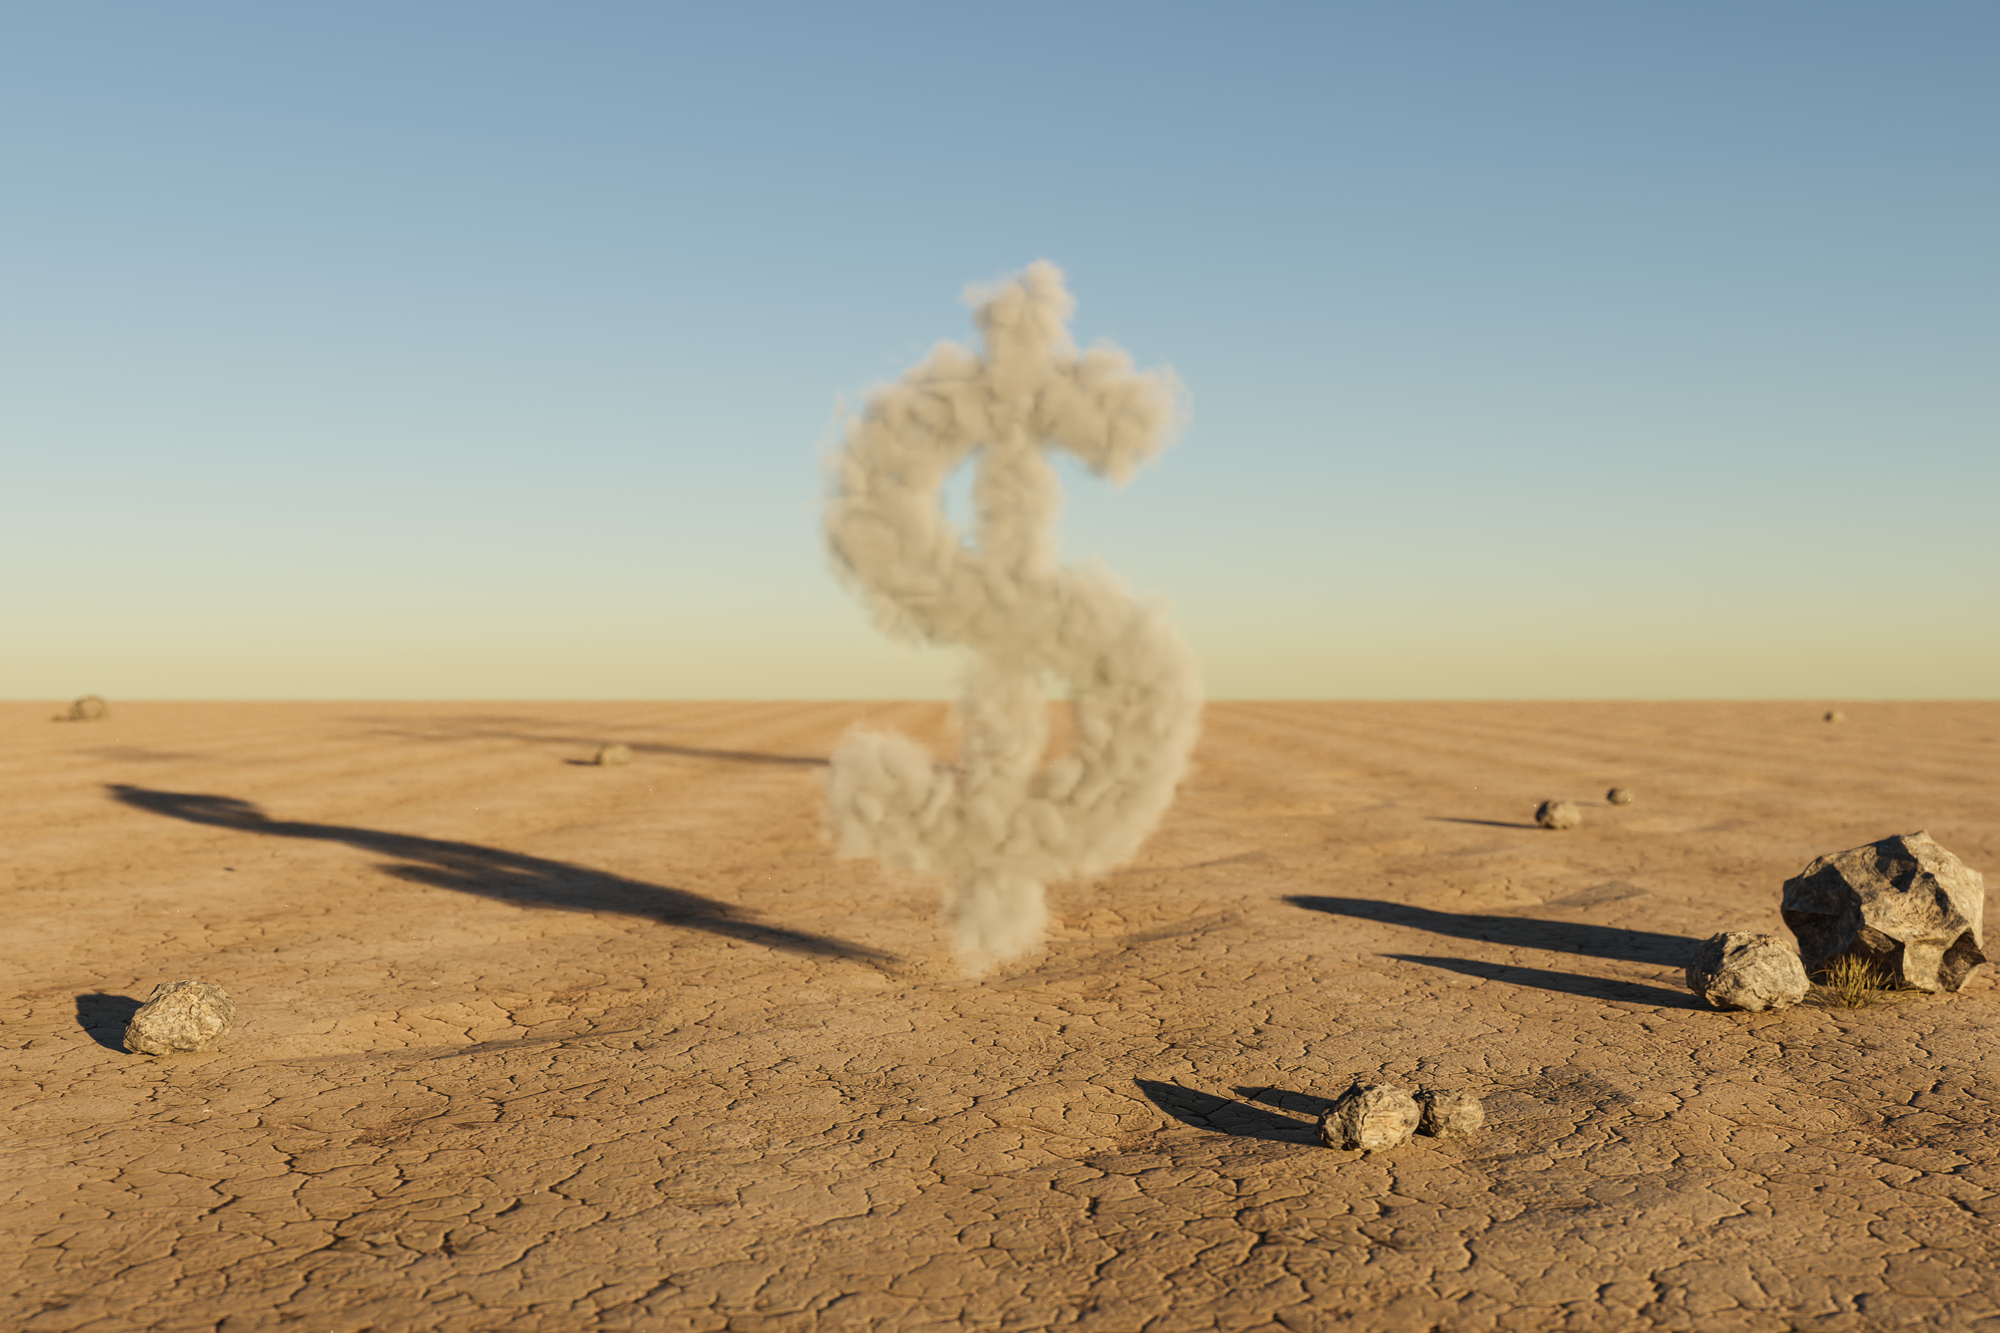 small cloud dollar symbol in large desert environment with sand dunes, hills and rocks laying arround; business profit concept; 3D Illustration
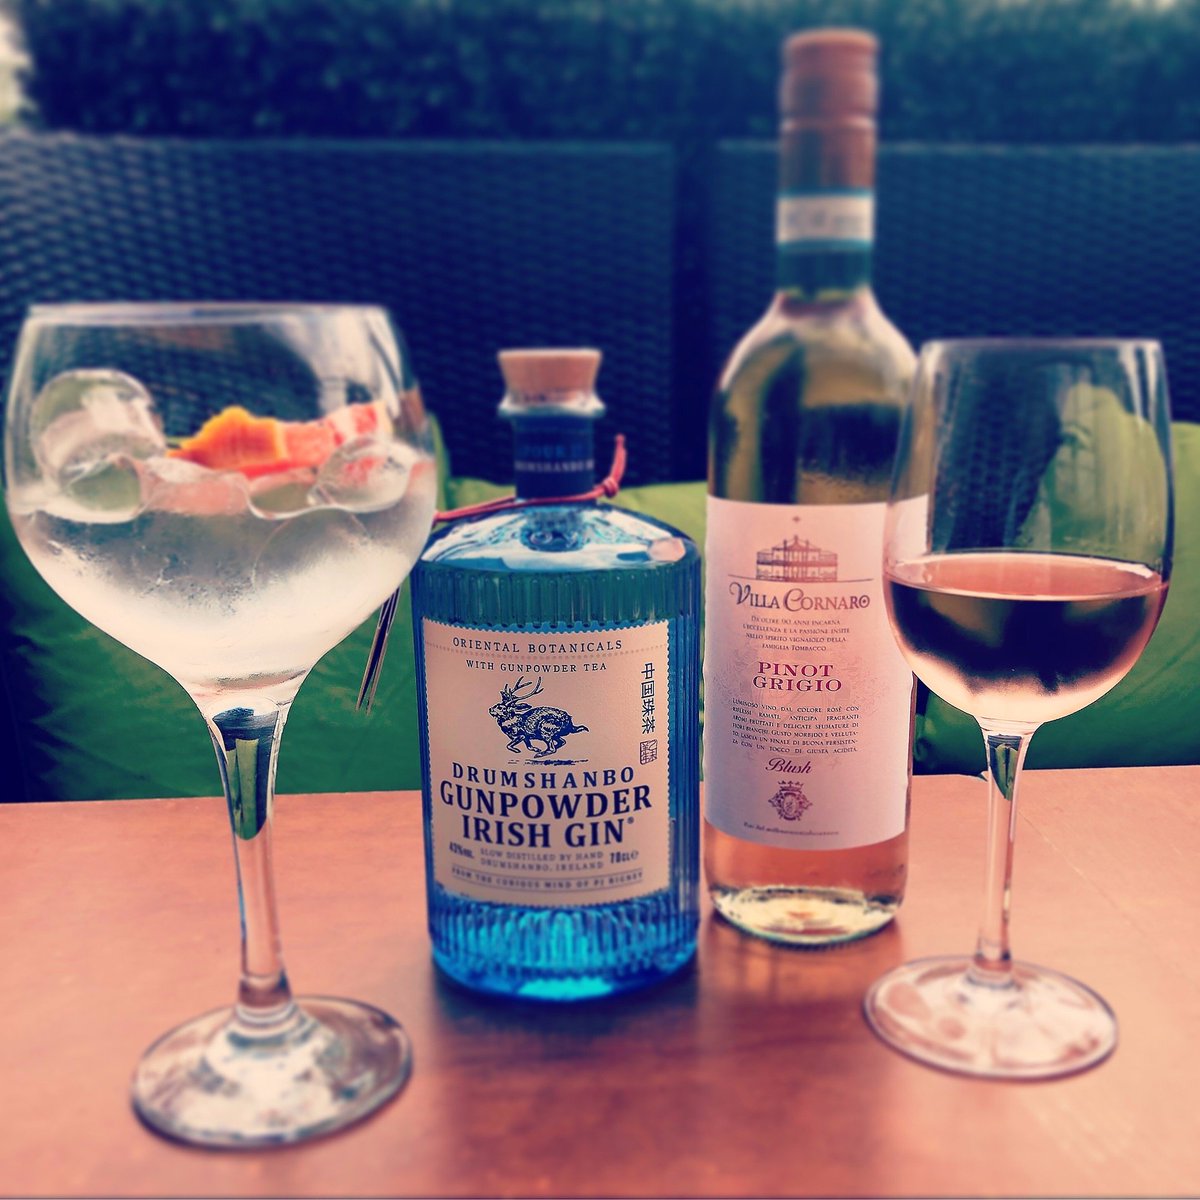 It's Friday -- start of the weekend. It's warm & sunny and we have just the thing to cool you down #friday #fridayfeeling #thankcrunchie #noworktillmonday #sunterrace #suntrap #beergarden #gunpowdergin #craftgin #wine #rose #pinotgrigio
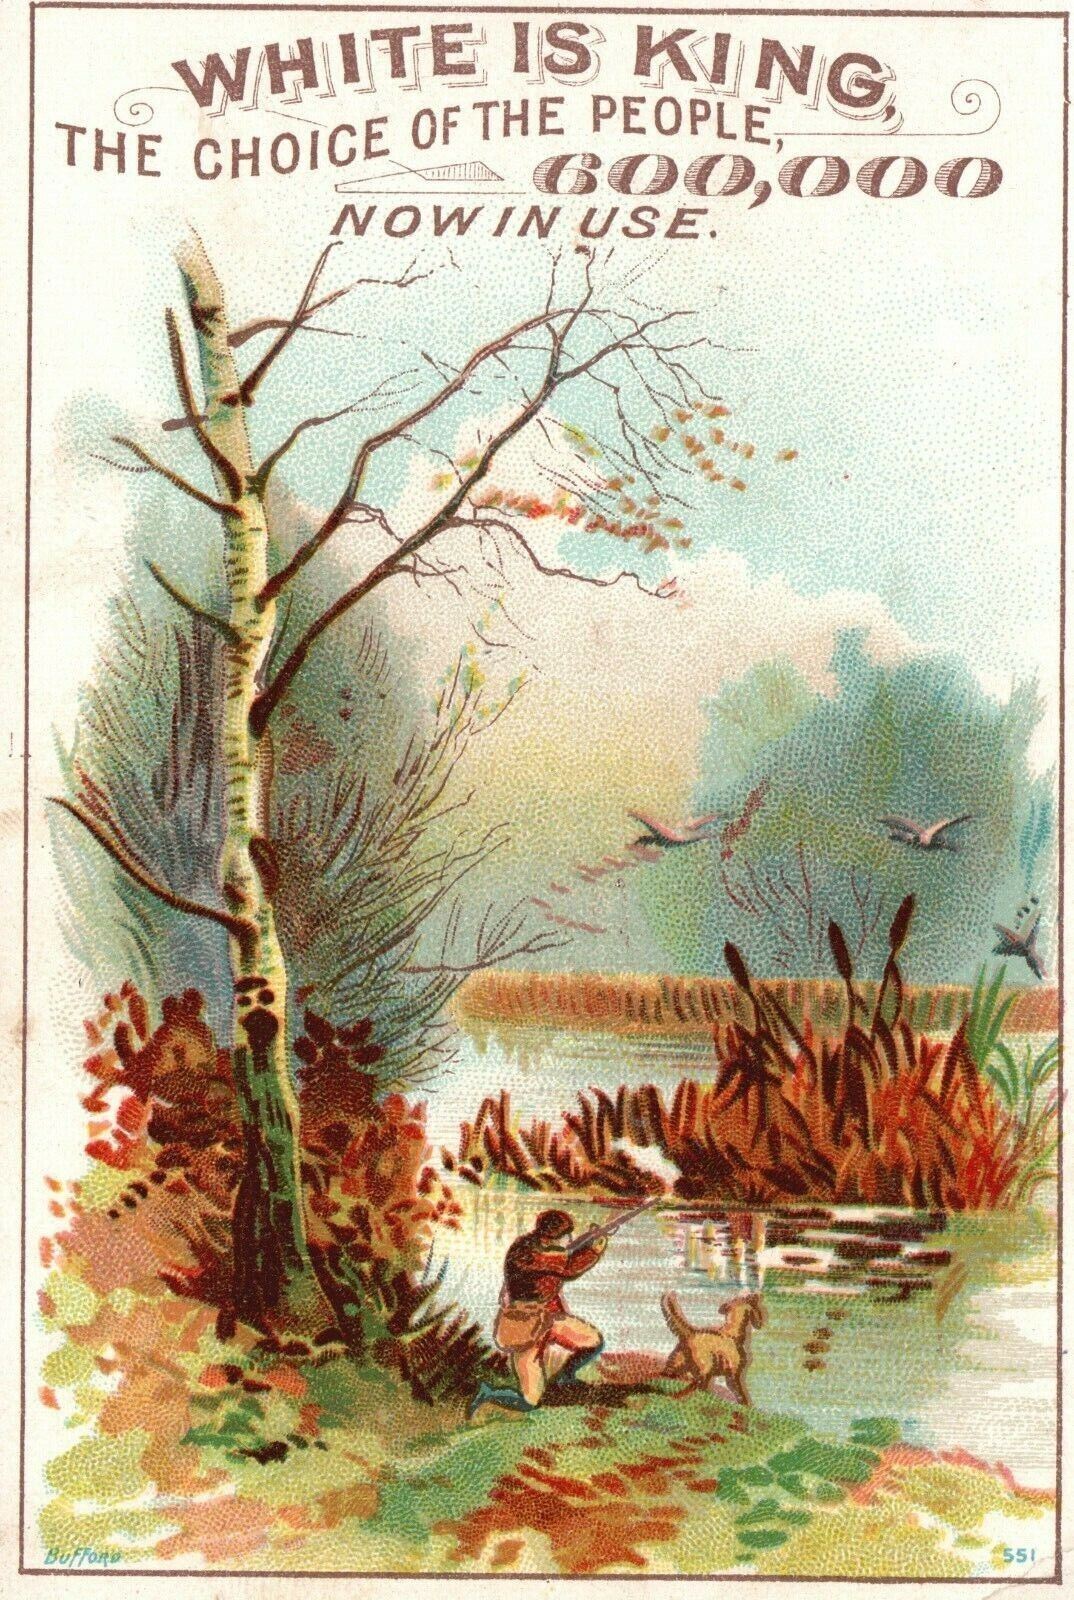 1880s-90s Bird Hunter with Dog White is King Sewing Machines Trade Card

================================

### [The problem]
Except for the pictures, the whole listing above should be transcribed exactly.

### [Final answer]
 small cloud dollar symbol in large desert environment with sand dunes, hills and rocks laying arround; business profit concept; 3D Illustration
 It's Friday -- start of the weekend. It's warm & sunny and we have just the thing to cool you down #friday #fridayfeeling #thankcrunchie #noworktillmonday #sunterrace #suntrap #beergarden #gunpowdergin #craftgin #wine #rose #pinotgrigio
 1880s-90s Bird Hunter with Dog White is King Sewing Machines Trade Card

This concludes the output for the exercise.